От этого небрежения слезы струями хлынули из глаз Угрюма, заныло, защипало изодранное лицо, горячо защекотало по вискам.
А тень у входа все скалилась и беззвучно потешалась над изувеченным. Было над кем и над чем посмеяться нечистому. Прежние мысли о жизни и счастье показались Угрюму щенячьи глупыми. Со всей ясностью высветилось вдруг, что богатство, слава, свобода — все суета, а пережитое им не стоит гроша, потому что в его жизни не было самого главного — женщины, той самой женщины, что приходила в снах, но так и не пришла в яви.
Булаг смутилась от его слез. Вскинула свои длинные брови, как птица крылья в полете.
— Чего ты? — беспокойно потрепала мошонку мягкой рукой. — Раз мужчина, значит, будешь жить.
Застучала кровь в висках. И показалось Угрюму, будто его сердце ускакало из ребер в ее мягкую руку.
— Уй, да совсем хороший жених! — тихонько рассмеялась она, задрала подол халата на полных ногах, переступила круглым коленом через больного и осторожно присела, чтобы не причинять ему боль.
«Кто же ты?» — промычал Угрюм, вглядываясь в тень у входа. Вроде бы она уже не скалилась, болталась белой тряпкой. От благодарности к молодой балаганской женщине снова выступили слезы на его глазах. И он уже соглашался с посулами того, кто стоял у двери, похоронить прежнюю жизнь, как рассказывал о каком-то самокресте Абдула-Иван, и родиться к новой.
ГЛАВА 5
За неделю до Пасхи в избе Маковского острога умер дед Матвейка — старый сын боярский. Последние дни он больше прежнего кряхтел и охал, но таскал ноги, и кончины его никто не ждал.

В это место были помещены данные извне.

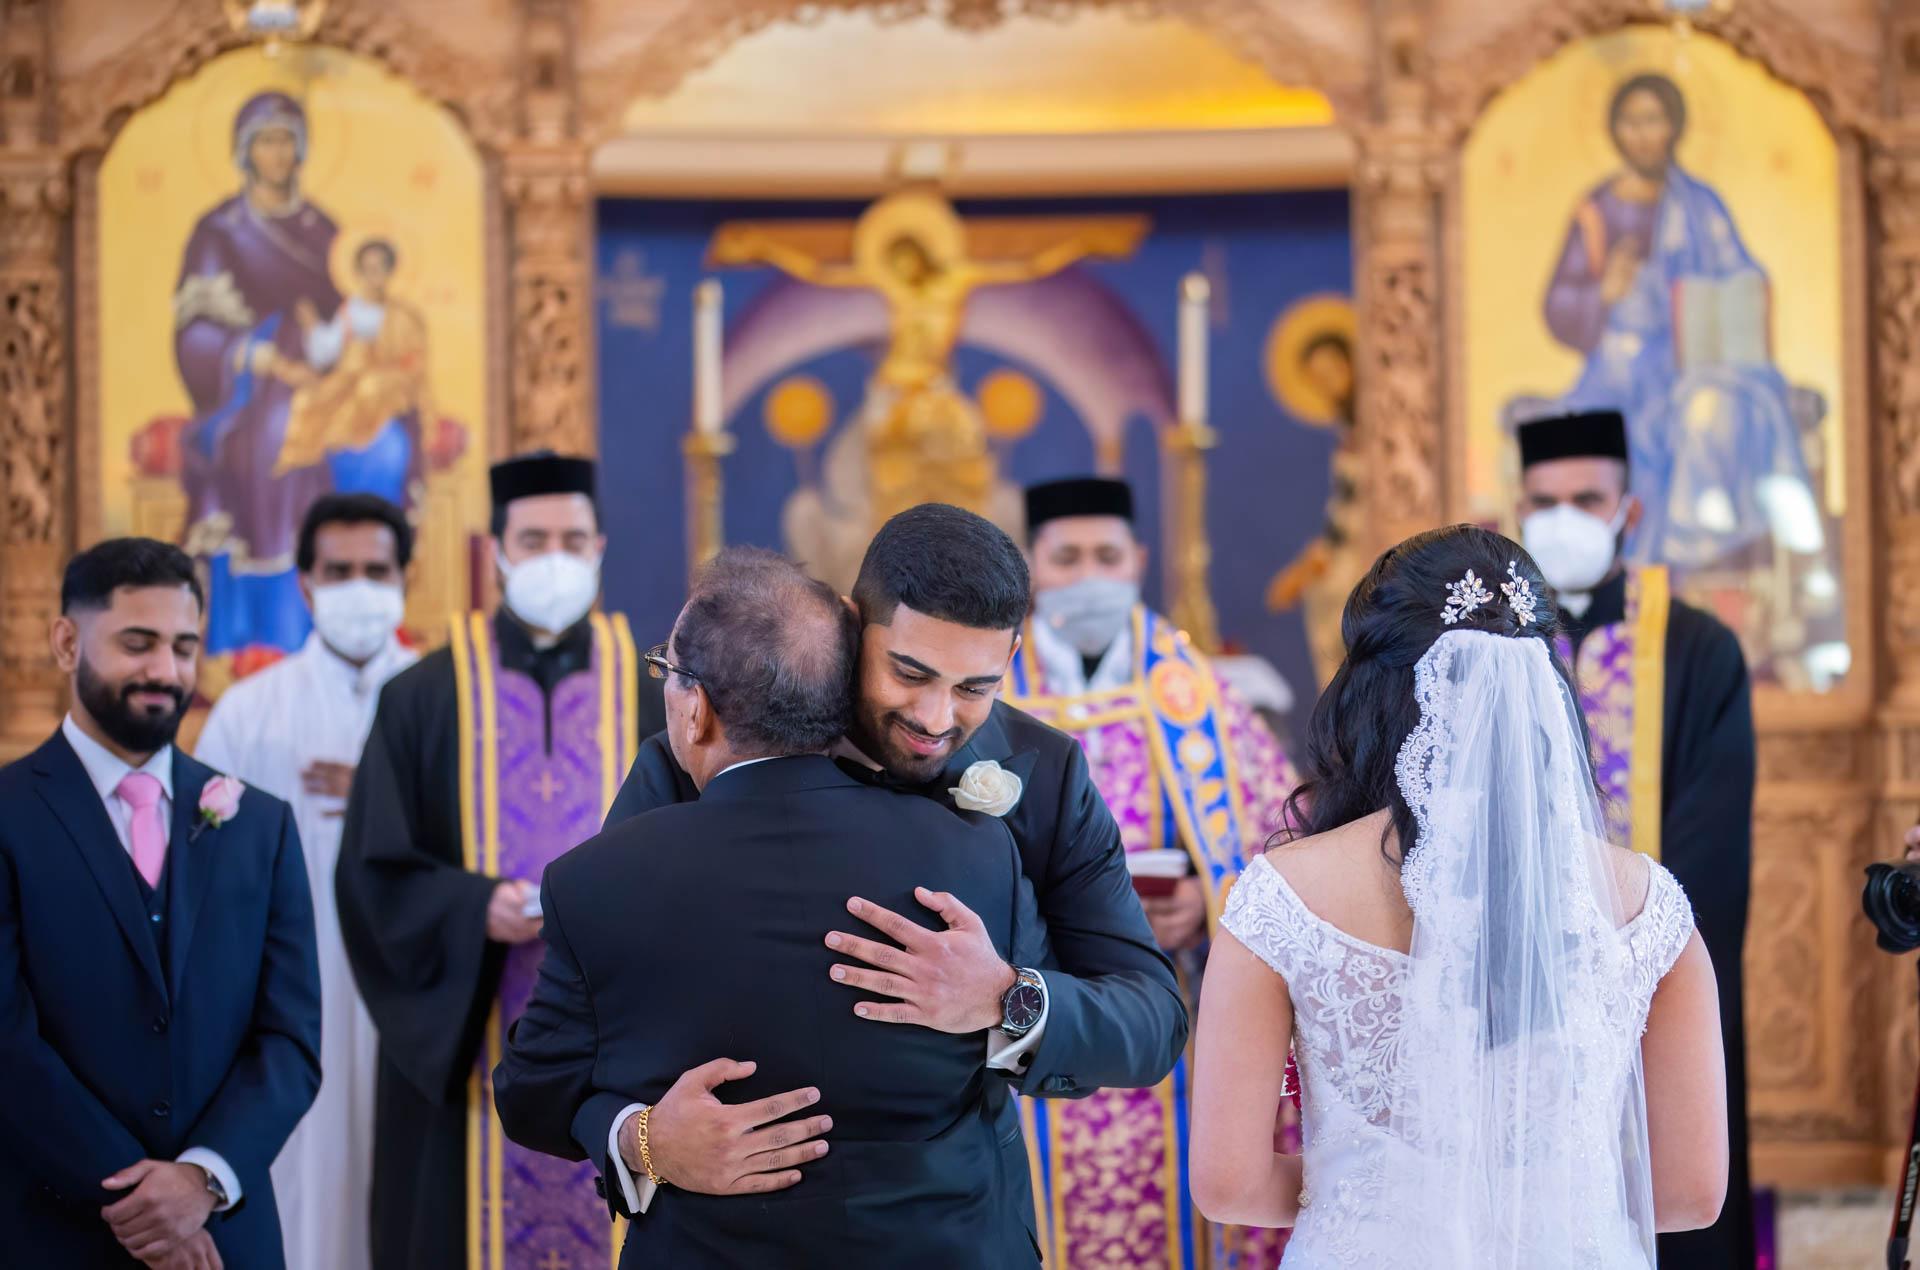 WESTMOUNT COUNTRY CLUB INDIAN WEDDING 9

Едва заалело солнце над тайгой, Капа напекла пресных лепешек, раз и другой выглянула из своего оконца. Над избой приказного дымка не было. Льдины из окон вытаяли, а утренники были холодными. Жалея старика, добрая женщина хотела затопить ему печь. Она накидала в плошку горящих угольков, распахнула дверь избы Матвейки — приказный лежал на лавке носом в потолок. Кафтан, которым он был укрыт, сполз на пол.
— Что лыбишься-то? — зычно спросила Капа и зябко передернула плечами. — Встал бы да лоб перекрестил, печь затопил.
На ее оклик приказный бровью не шевельнул. От его улыбчивого молчания Капа сперва обомлела, потом с ревом выскочила в острожный двор и трубно заголосила.
Васька Колесников, стряхивая крошки с редкой бороды, кинулся за Иваном. Вдвоем они вошли в избу приказчика, смахнули шапки в мертвой тишине, закрестились на образа.
— В Енисейский везти надо! — тихо сказал Иван, будто боялся разбудить старика. — Что мы тут? Ни отпеть, ни похоронить с честью.
Капа за их спинами опять протиснулась в избу с выпученными глазами, боязливо взглянула на покойного и стала тихонько подвывать, закрывая рот ладошкой. Меченка с некрасивым, вздувшимся лицом просеменила в кутной угол, потопталась там, выглядывая из-за печи, и тихо, как мышь, прошмыгнула за дверь, потом за острожные ворота: побежала на гостиный двор, сообщить новость Сорокиным. Они и повезли старика встреч солнца ногами вперед. Иван с Василием, Пелагия с Капитолиной кланялись удалявшимся саням, закидывали след и опустевшую избу пихтовыми ветками.